Ces éléments amènent l’Union européenne à conclure que le principe de l’État de droit n’est pas respecté. En raison de sanctions, la Hongrie a perdu un milliard d’euros de fonds européens, tandis que des dizaines de milliards supplémentaires demeurent gelés.
Viktor Orbán et son parti, le Fidesz, sont en difficulté dans les sondages, talonnés par Péter Magyar, un rival conservateur qui a su fédérer l’opposition et donné favori dans plusieurs enquêtes d’opinion. Orban est accusé d’avoir progressivement affaibli l’État de droit, la liberté de la presse et l’indépendance de la justice depuis son retour au pouvoir en 2010. La Hongrie est désormais souvent qualifiée de « régime hybride », entre démocratie et dictature : les élections restent libres, mais le terrain politique est largement défavorable à l’opposition, avec des médias et des institutions sous contrôle du pouvoir en place.
Stratégie de campagne et tensions internationales.

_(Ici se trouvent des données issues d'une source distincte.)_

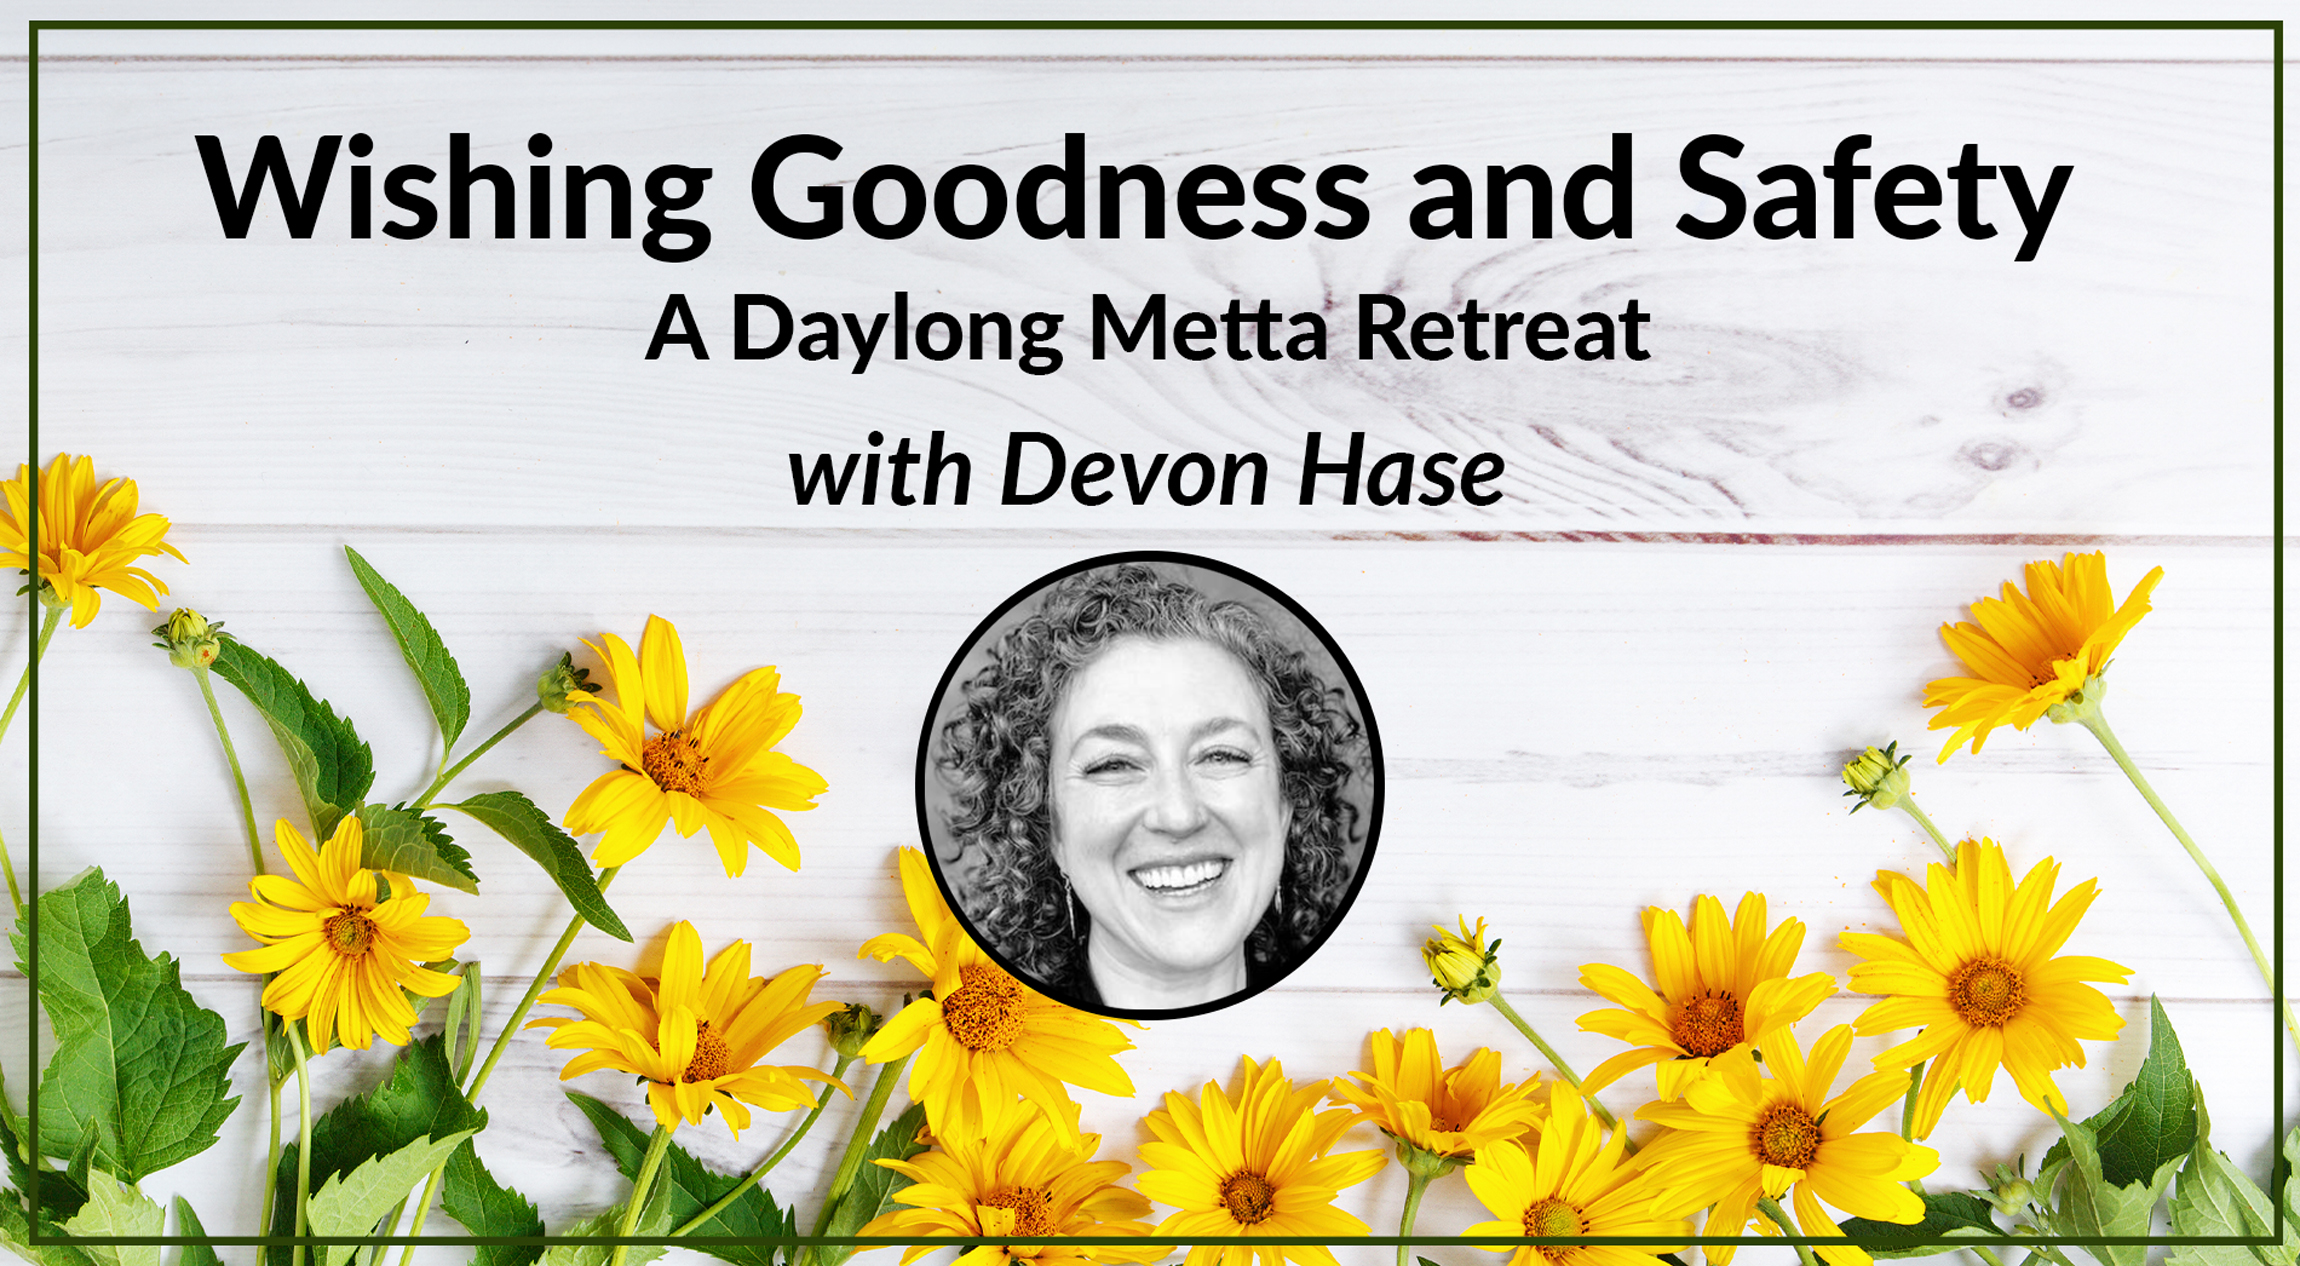 Wishing Goodness and Safety with Devon Hase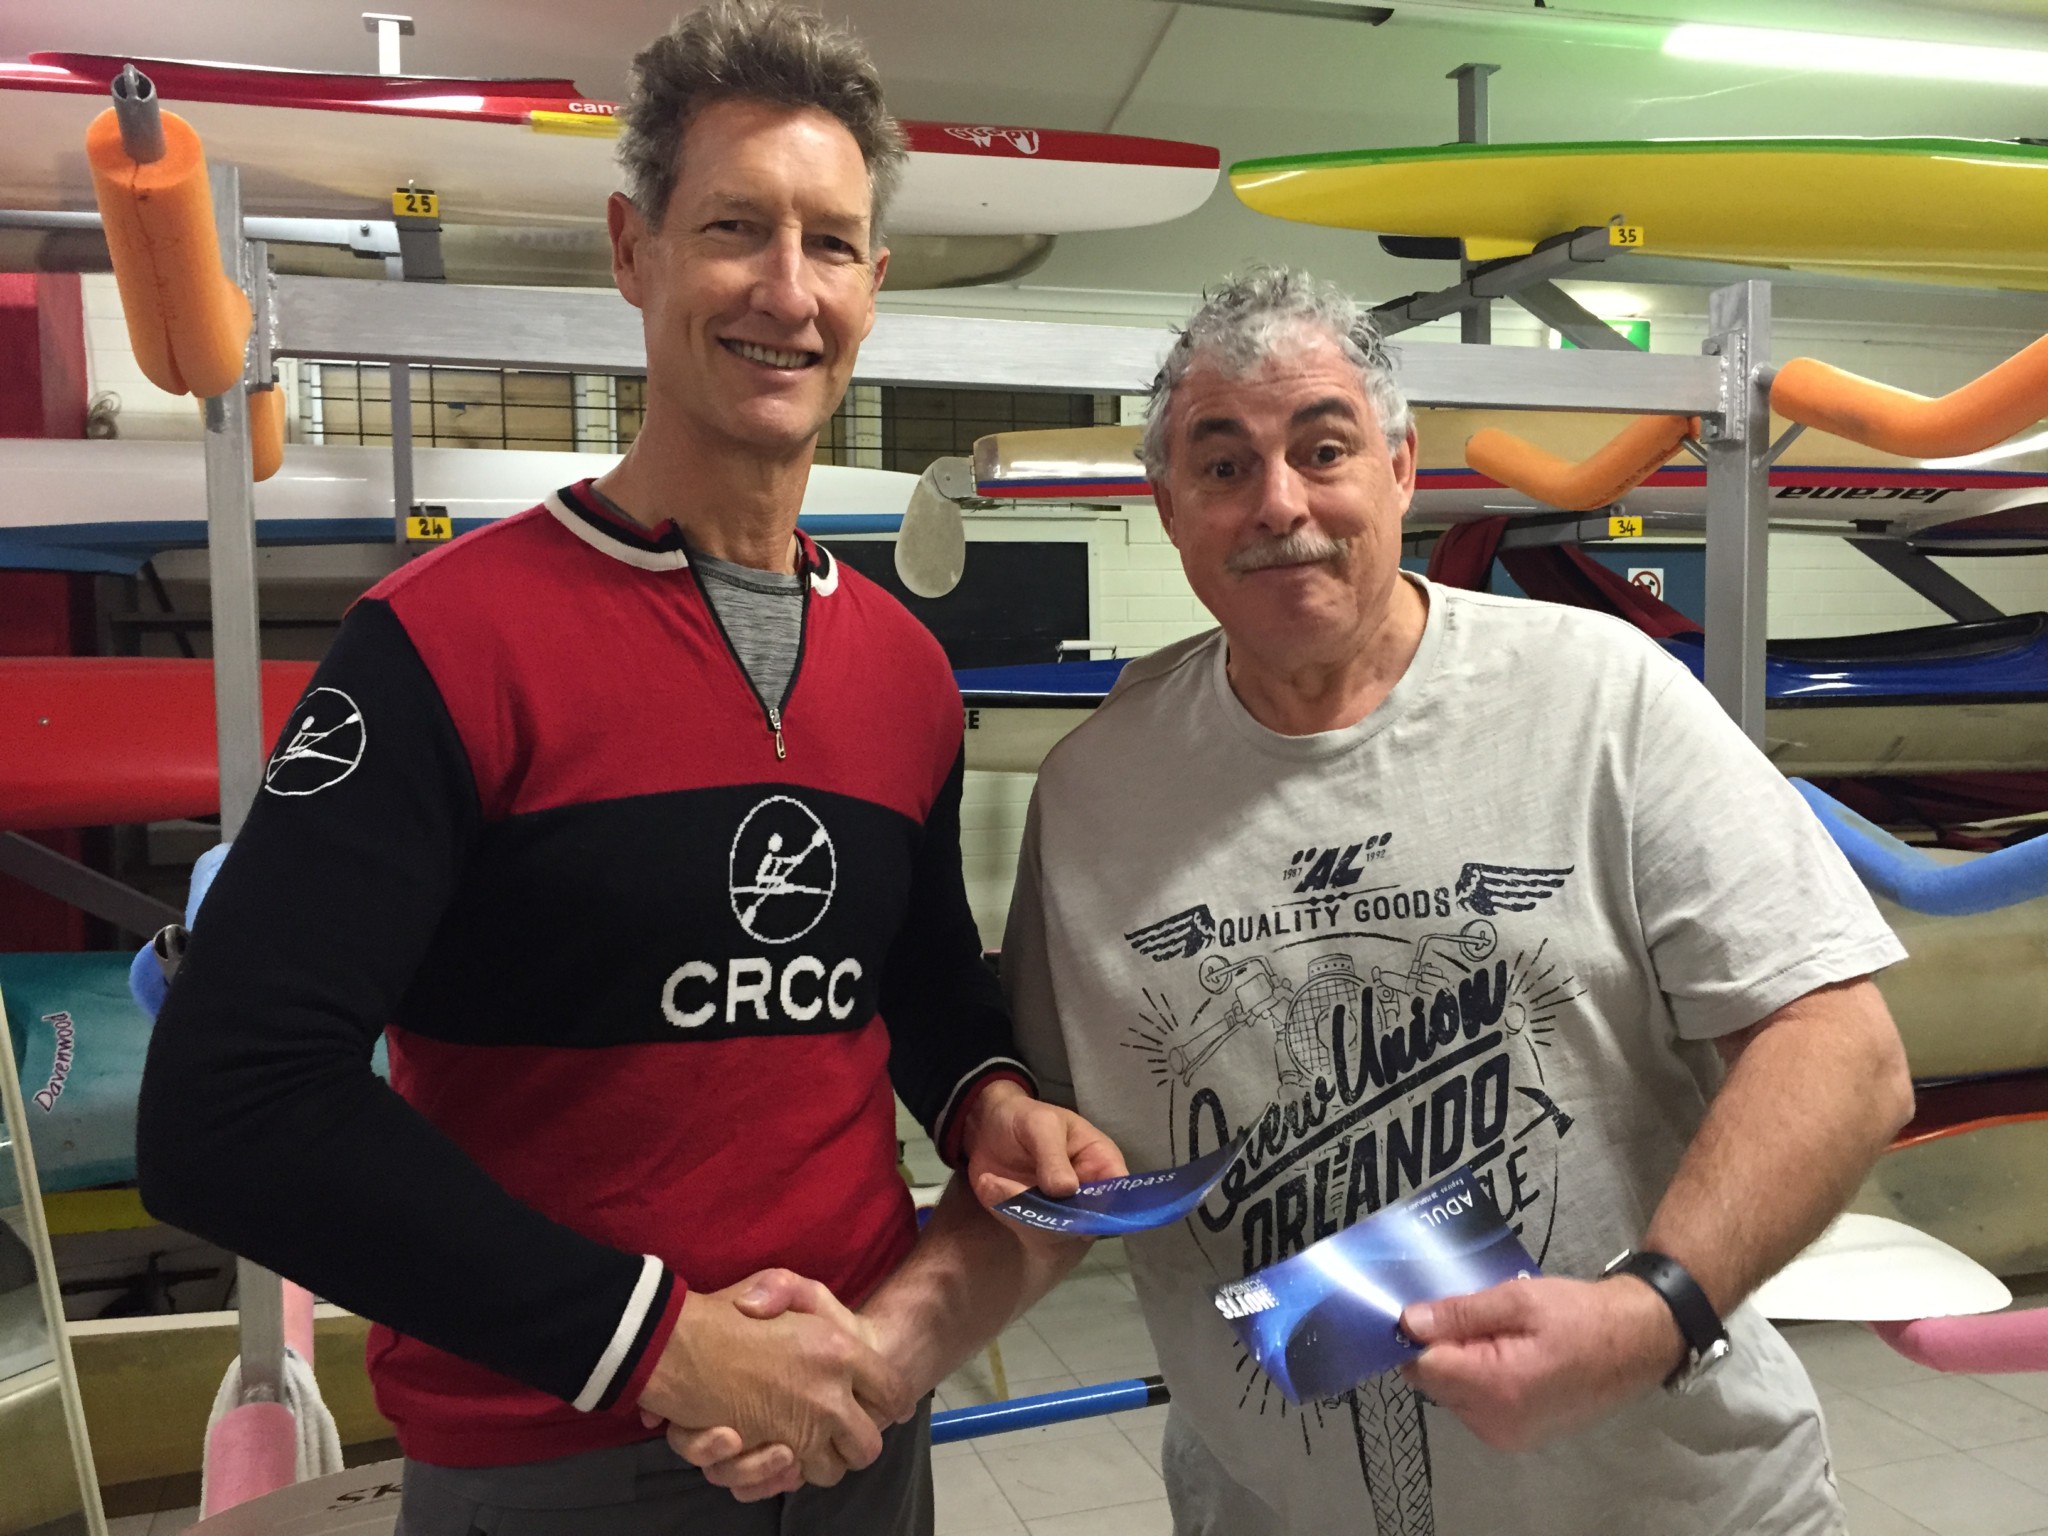 Tues 25th October 2016 : Tonights photo shows Jeff and last weeks winner Louis Botes accepting movie vouchers.

Orban axe sa campagne sur une rhétorique anti-Ukraine et anti-UE, accusant ses adversaires de vouloir entraîner la Hongrie dans la guerre et affirmant que l’opposition est financée par Kiev et Bruxelles. Il utilise notamment la question de l’oléoduc Droujba (qui transporte du pétrole russe vers la Hongrie) comme levier politique, bloquant un prêt européen de 90 milliards d’euros à l’Ukraine tant que les livraisons de pétrole ne sont pas rétablies. Cette stratégie est perçue comme une tentative de mobiliser l’électorat sur la peur de la guerre et de la crise économique.
La communauté internationale, notamment l’UE, critique ouvertement les méthodes d’Orban, qualifiant son comportement d’« inacceptable » et accusant Budapest de faire de l’Ukraine une « arme électorale ». Des juges hongrois ont récemment refusé d’appliquer un décret du gouvernement visant à empêcher des procès contre une taxe municipale controversée, soulignant la résistance de certaines institutions face aux tentatives de contrôle du pouvoir.